Bankrate: How did you come up with your first hit, "The Dating Game?"

Barris: I'm not quite sure. I know that at the time Dick (Clark) had a show for teenagers on ABC that was set in Malibu ("Where the Action Is") and I remember vaguely that I should have a program with young people. So I thought of this program with three guys on one side of a wall and three girls on the other side and they were all trying to get dates, and it came down to one girl and three guys. That was the way it started.

Bankrate: It was also the middle of the swinging 1960s and sweeping changes in society.

Barris: I always figured that I brought two things to television. One was spontaneity; we didn't have any scripts then. When I came in with "The Dating Game," television was doing either beat-the-clock type stunt shows and question-and-answer shows, but nothing on a purely spontaneous basis, where you answered with whatever you felt like saying. With spontaneity, you had great humor and you were never quite sure what they were going to say.
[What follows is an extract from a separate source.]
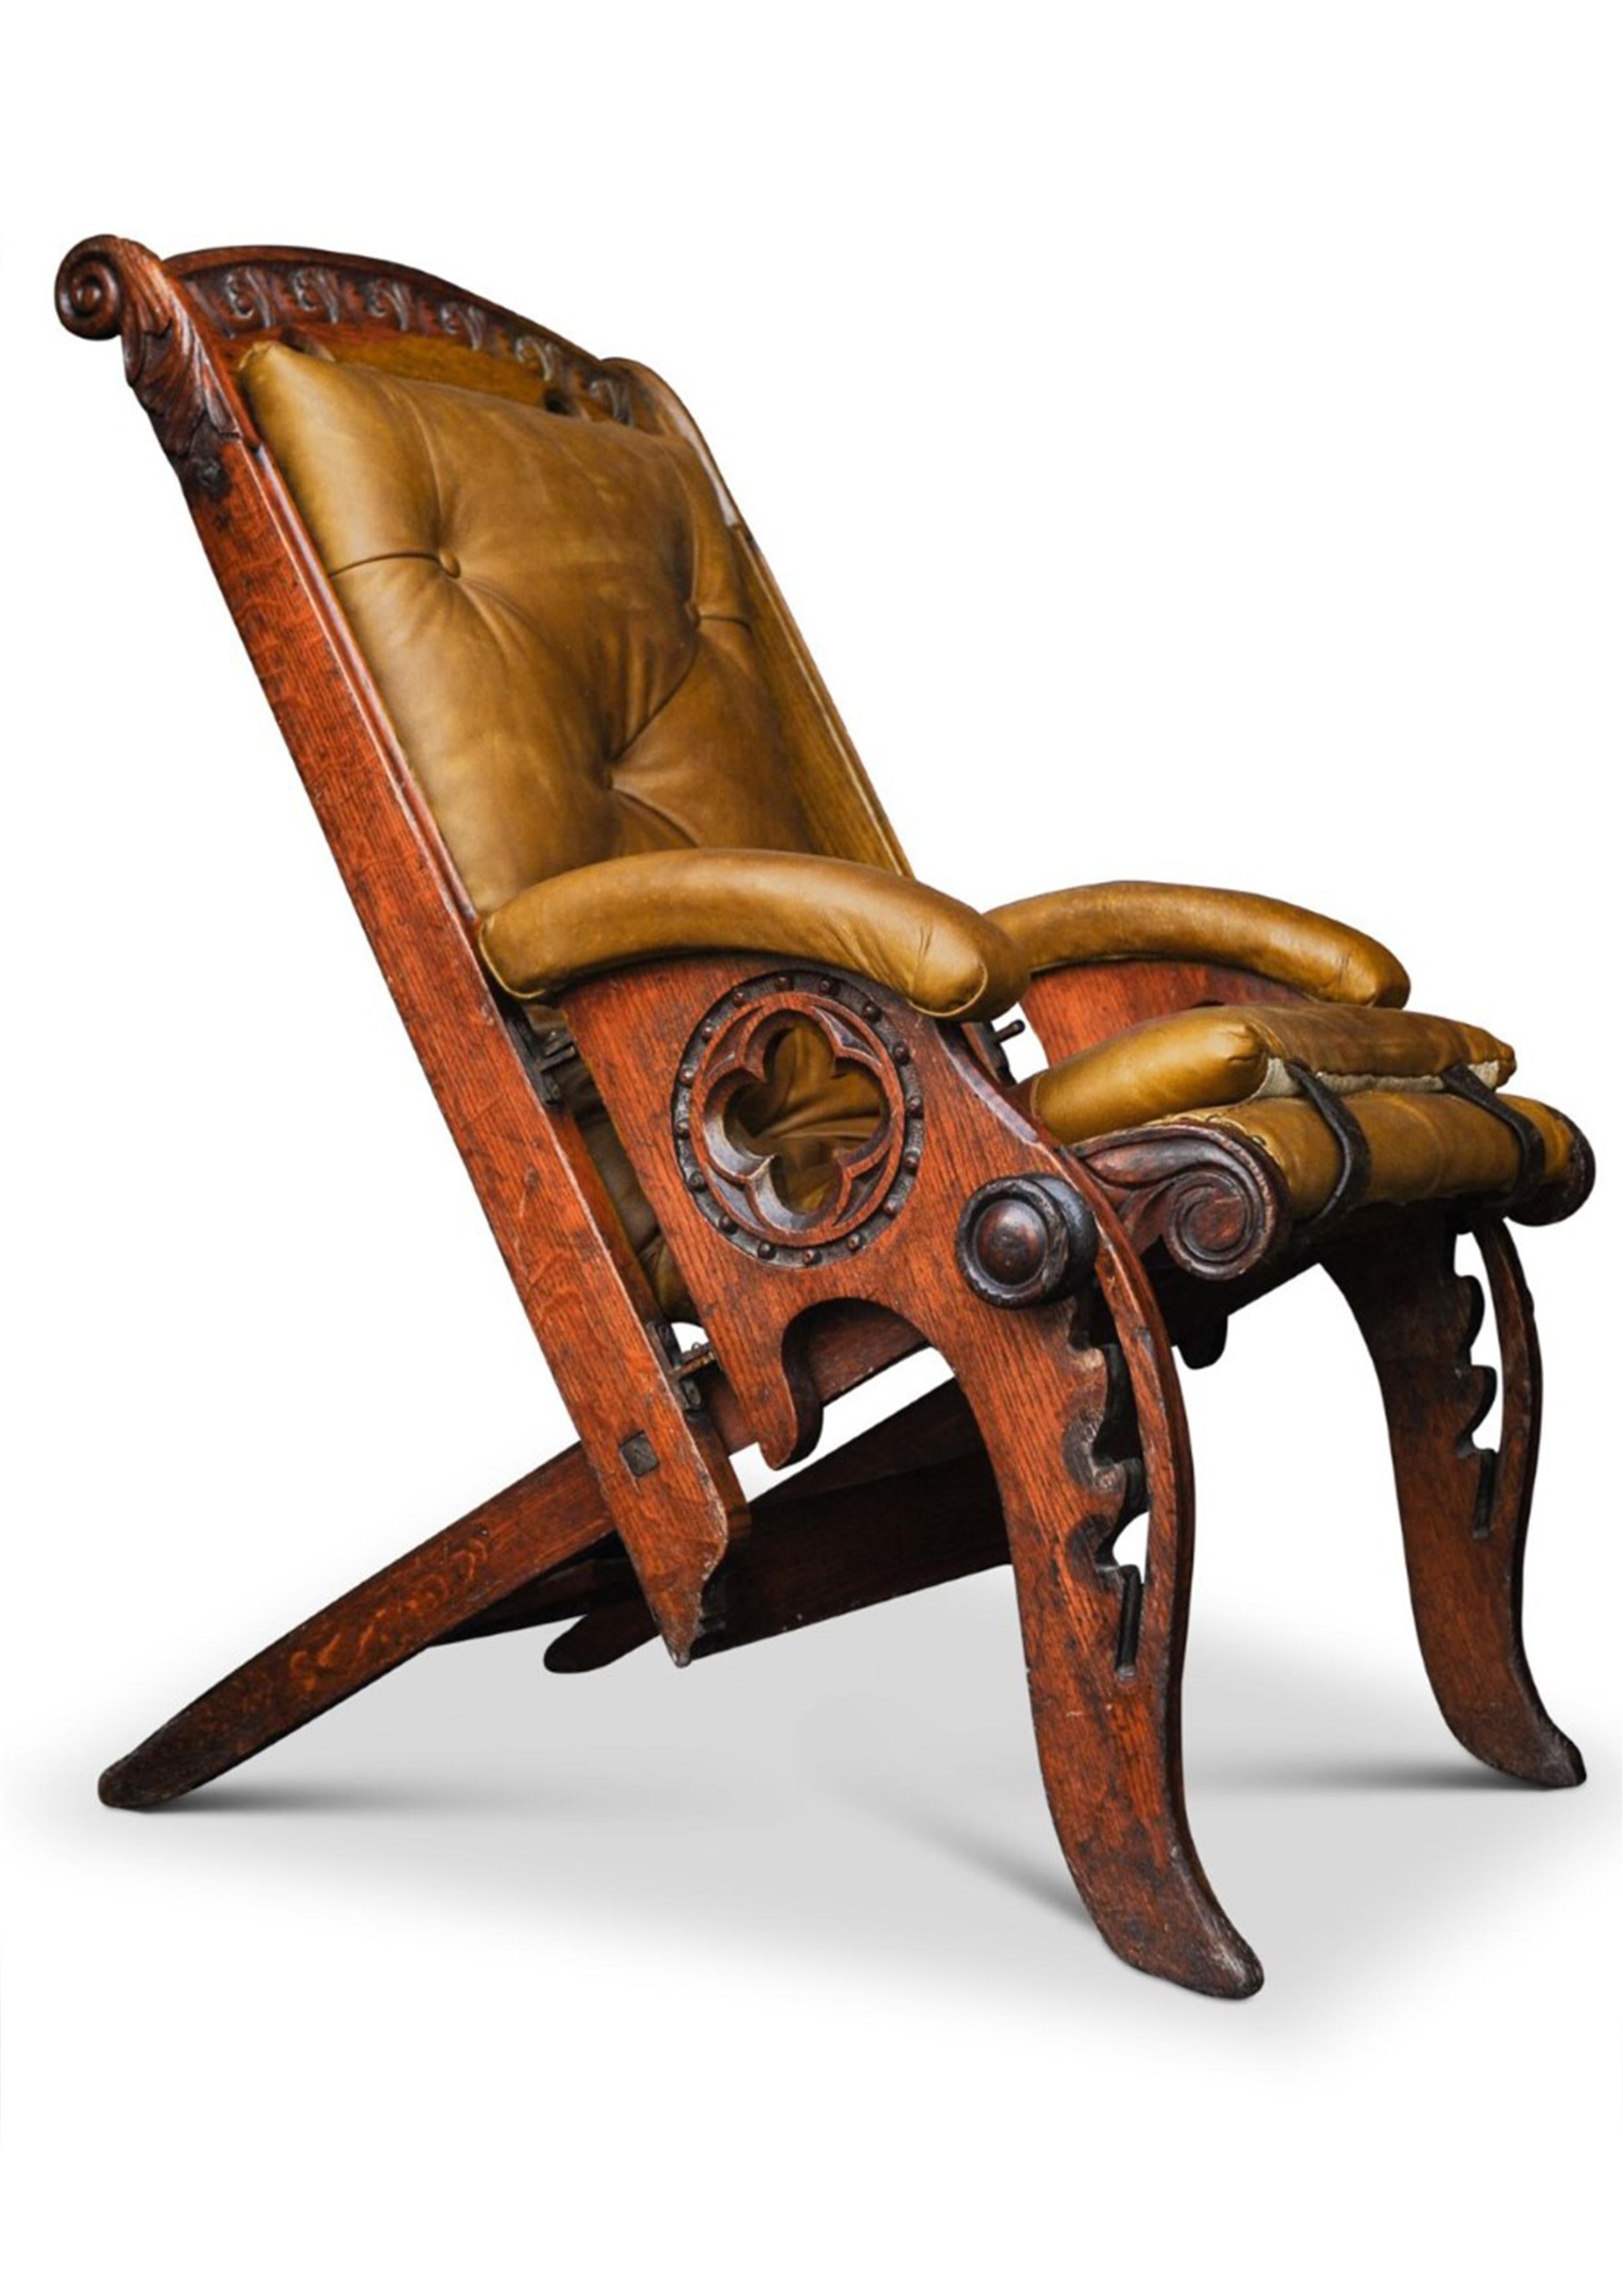 Ein 19. Jahrhundert Campaigner Stuhl von Herbert McNair Design geschnitzt Eiche & poliert tan Leder verstellbare Liegesitz.


James Herbert MacNair (23. Dezember 1868 - 22. April 1955) war ein schottischer Künstler, Designer und Lehrer, dessen

The first three "Dating Game" shows I did, we couldn't air because these great-looking girls and All-American type of boys just talked pure dirt. I couldn't get over it. I thought my career was going to be very short-lived.

Bankrate: Were you prepared for the success that quickly followed?

Barris: No, I really wasn't. Prior to that, I was $20,000 in debt and had to borrow from my stepfather to do the production of "The Dating Game," and all of a sudden we were making a lot of money. And I said to my accountant, I don't know what to do about all this success, I'm finding it difficult to deal with, and he gave me this advice: Just make yourself a little charm to wear around your neck that says "Chuck, you are a very lucky boy." And I did that.

But the explosion continued with "The Newlywed Game." We had five different shows on daytime television through the week, that's 25 half-hours, and then we had two at night with "The Dating Game" and "The Newlywed Game," so we were doing 27 half-hours a week and it was bedlam. We had contestant operations going all over Hollywood. We had shows being taped at NBC, ABC and CBS. It was an amazing time. The time between 1965 and when we went public in 1969, those four years were like Camelot. I don't think anybody who worked for me then has ever been the same working any other place. It was just unbelievable. When we would get a new show, I would give everyone in the company a raise. Nobody ever quit working with me. They still have Barris reunions out in California of those people who worked during those years.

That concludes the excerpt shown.